There are no stupid questions, but there are a lot of inquisitive idiots.
HI AliMonster,
Thanks for the suggestion. I tried it and unfortunately it did not do anything to the code I highlighter and pressed Ctrl+A.

Any other suggestions?


Thanks,


Dominique.

http://www.DelphiGamer.com := for all your Object Pascal game development needs;
http://www.PascalGameDevelopment.com := go on, write a game instead;
First of all, Delphi6 should be able to compile MMX instructions.
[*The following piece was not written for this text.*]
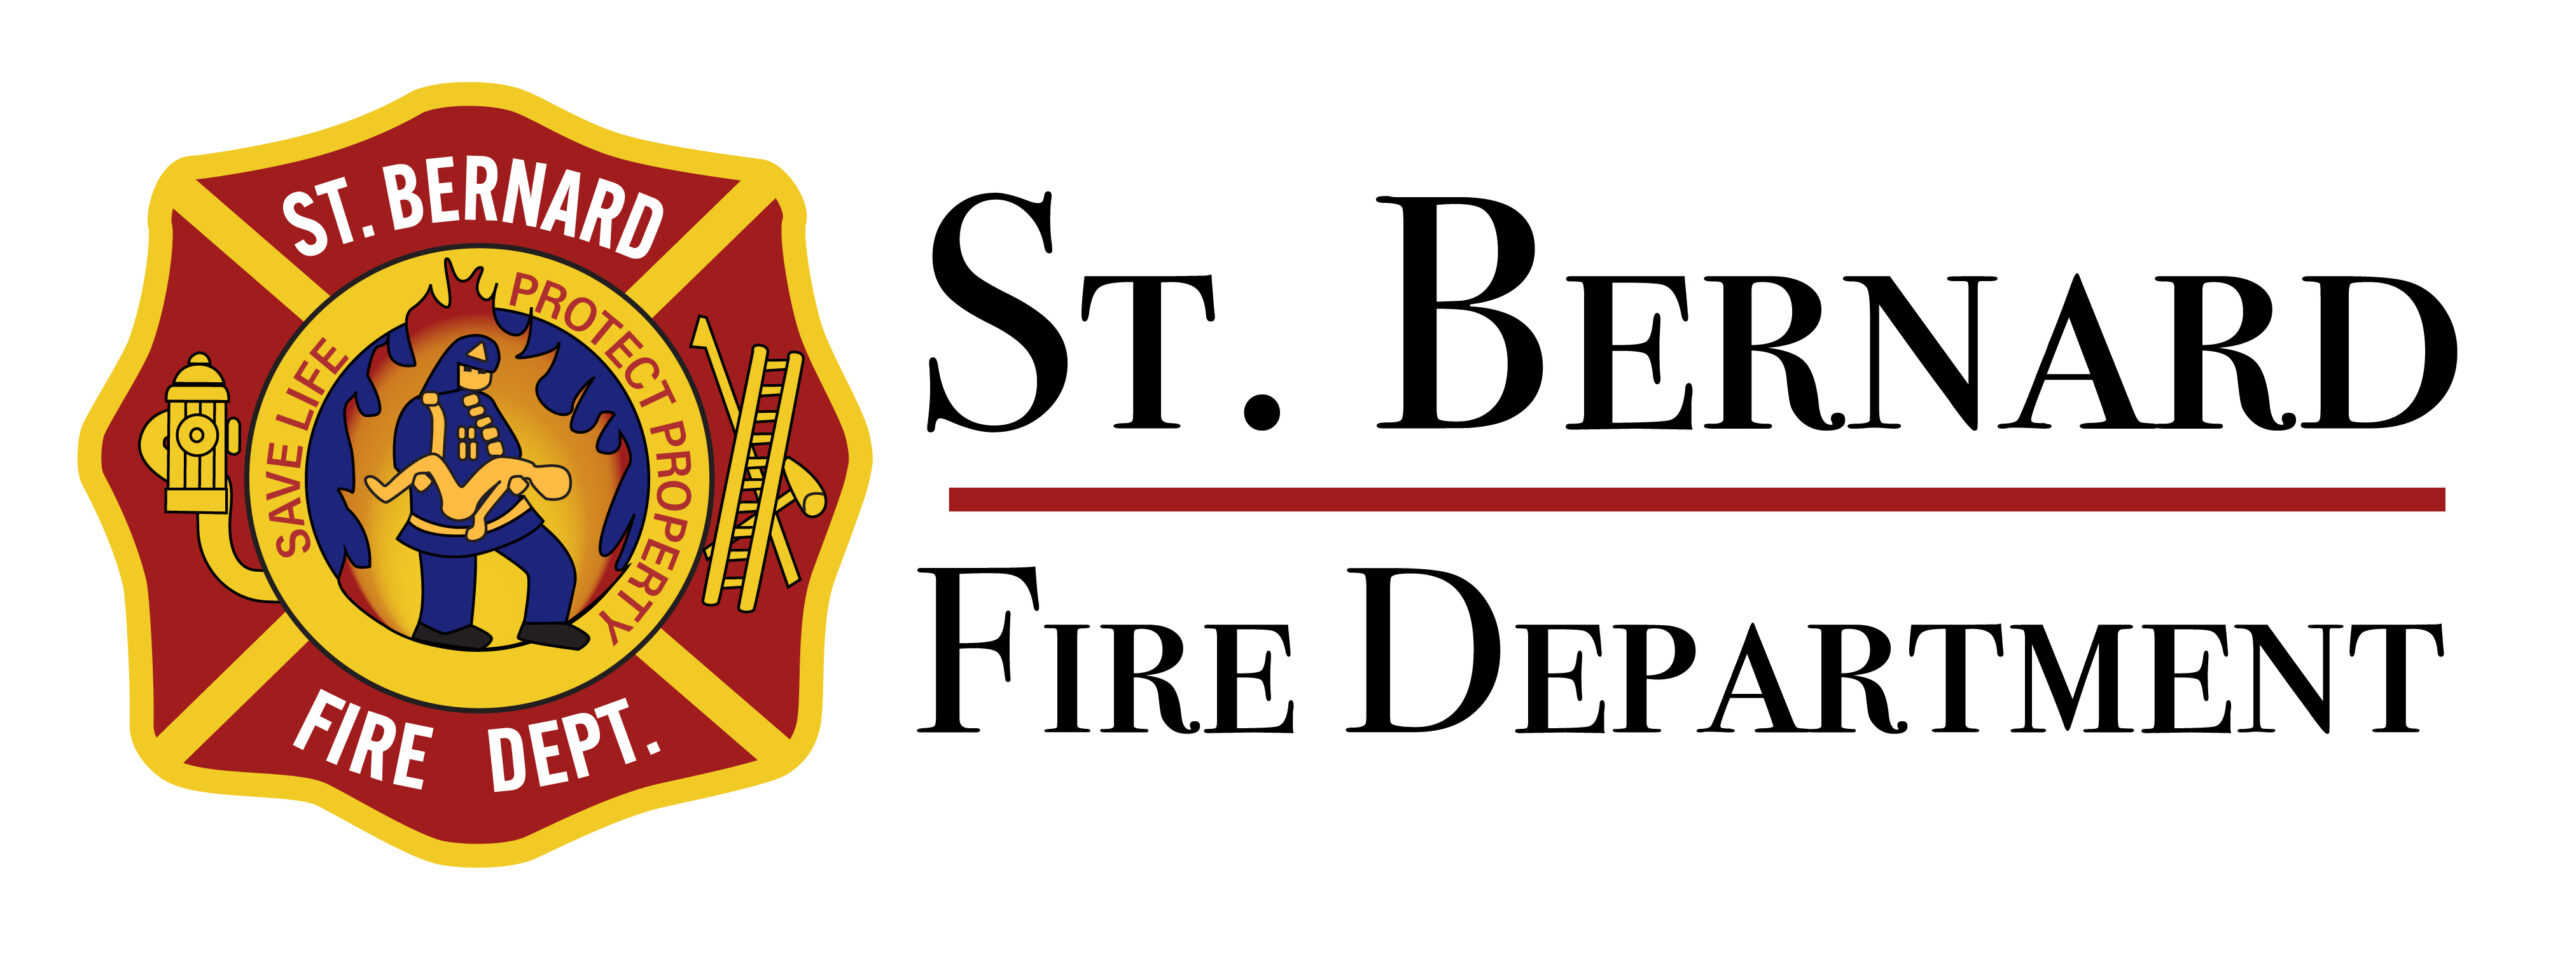 St. Bernard Fire Department Logo

For lower versions you do have to convert MMX routines into machine code.
And finally, as alternate way, you may try compiling DLL in your C/C++ compiler and using it in Delphi.

Hope this helps
- Lifepower
Hi LifePower,
As I am using Delphi 4 and 5, It looks like I will have to go fro the "convert MMX routines into machine code" option as I do not want to add another DLL into the mix.
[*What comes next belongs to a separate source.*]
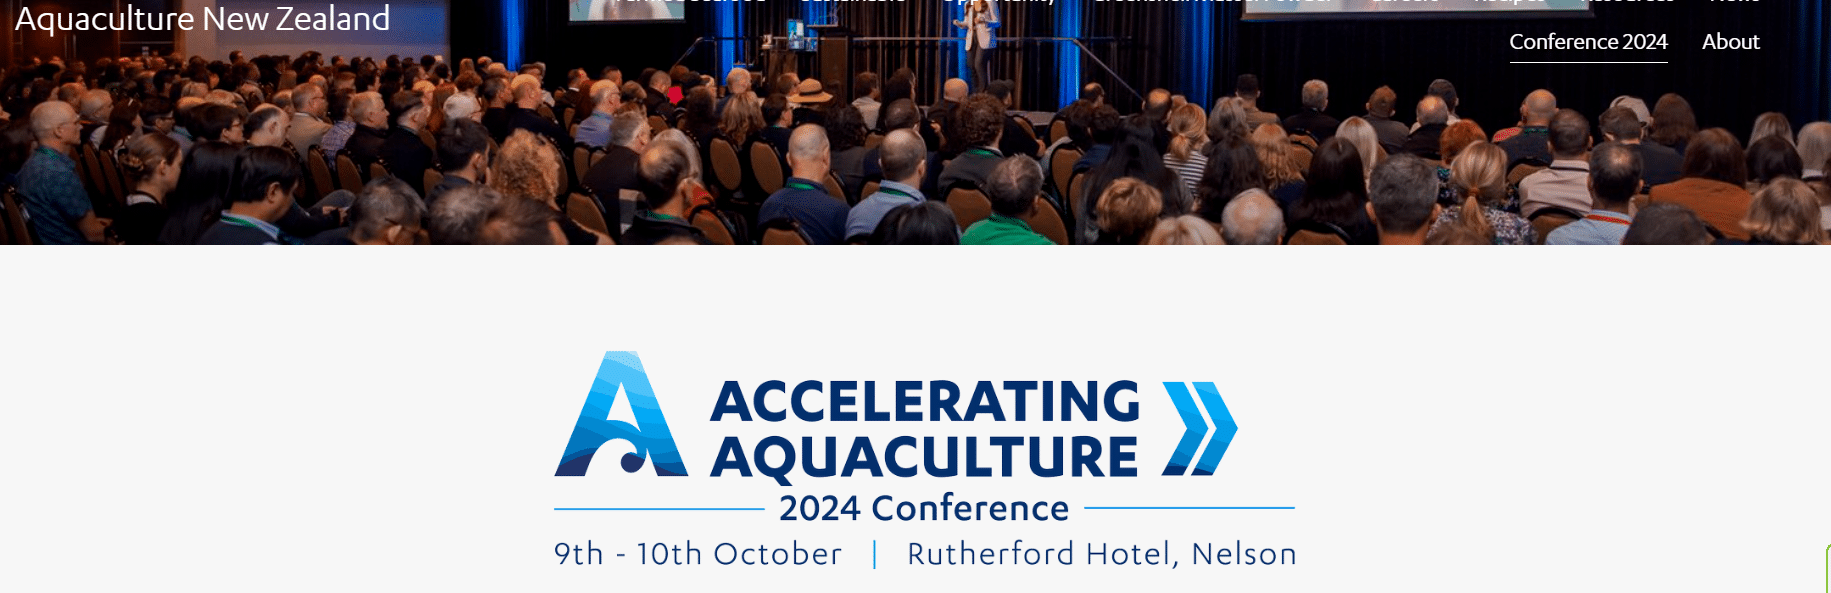 Aquaculture New Zealand 2024 Conference

Thanks for your suggestions it looks like I will have to trawl through the Intel site this week-end.


Thanks



Dominique.

http://www.DelphiGamer.com := for all your Object Pascal game development needs;
http://www.PascalGameDevelopment.com := go on, write a game instead;
Greetz... anyway, just wanted to add that Hori''s MMX Expert is actually converting MMX instructions into the given machine code. For the conversion task you''d have either to use the utility mentioned above or look for another converter... otherwise it''s not very efficient (in terms of time) to convert your program into machine code.
Hi LifePower,
How does Hori''s Expert work? Because when I highlight the MMX code and press Ctrl+A it does not do anything for me in Delphi 4.


Thanks,



Dominique.

http://www.DelphiGamer.com := for all your Object Pascal game development needs;
http://www.PascalGameDevelopment.com := go on, write a game instead;
Yep, I got Hori''s expert to work just fine (Delphi 4, Standard edition). I started up Delphi 4, went to the "Install Packages" menu and added the .bpl for Delphi 4. The menu worked fine. That''s not much use to you, but this will be... here''s the translation for the asm blocks (I stripped out the C, so you''ll have to use the comments to guide you. It''s in the same order as your post).

---------START OF CODE

//
// Alpha-blend four pixels at once.
//
asm

//
// Initialize the counter and skip
// if the latter is equal to zero.
//
push ecx
mov ecx, i
cmp ecx, 0
jz skip555

//
// Load the frame buffer pointers into the registers.
//
push edi
push esi
mov edi, lpbTarget
mov esi, lpbSource

do_blend555:
//
// Skip these four pixels if they are all black.
//
cmp dword ptr [esi], 0
jnz not_black555
cmp dword ptr [esi + 4], 0
jnz not_black555
jmp next555

not_black555:
//
// Alpha blend four target and source pixels.
//

(* The mmx registers will basically be used in the following way:

mm0: red target value
mm1: red source value
mm2: green target value
mm3: green source value
mm4: blue target value
mm5: blue source value
mm6: original target pixel
mm7: original source pixel

Note: Two lines together are assumed to pair
in the processor´s U- and V-pipes. *)

db $0F,$6F,$37 /// movq mm6, [edi] // Load the original target pixel.
nop

db $0F,$6F,$3E /// movq mm7, [esi] // Load the original source pixel.
db $0F,$6F,$C6 /// movq mm0, mm6 // Load the register for the red target.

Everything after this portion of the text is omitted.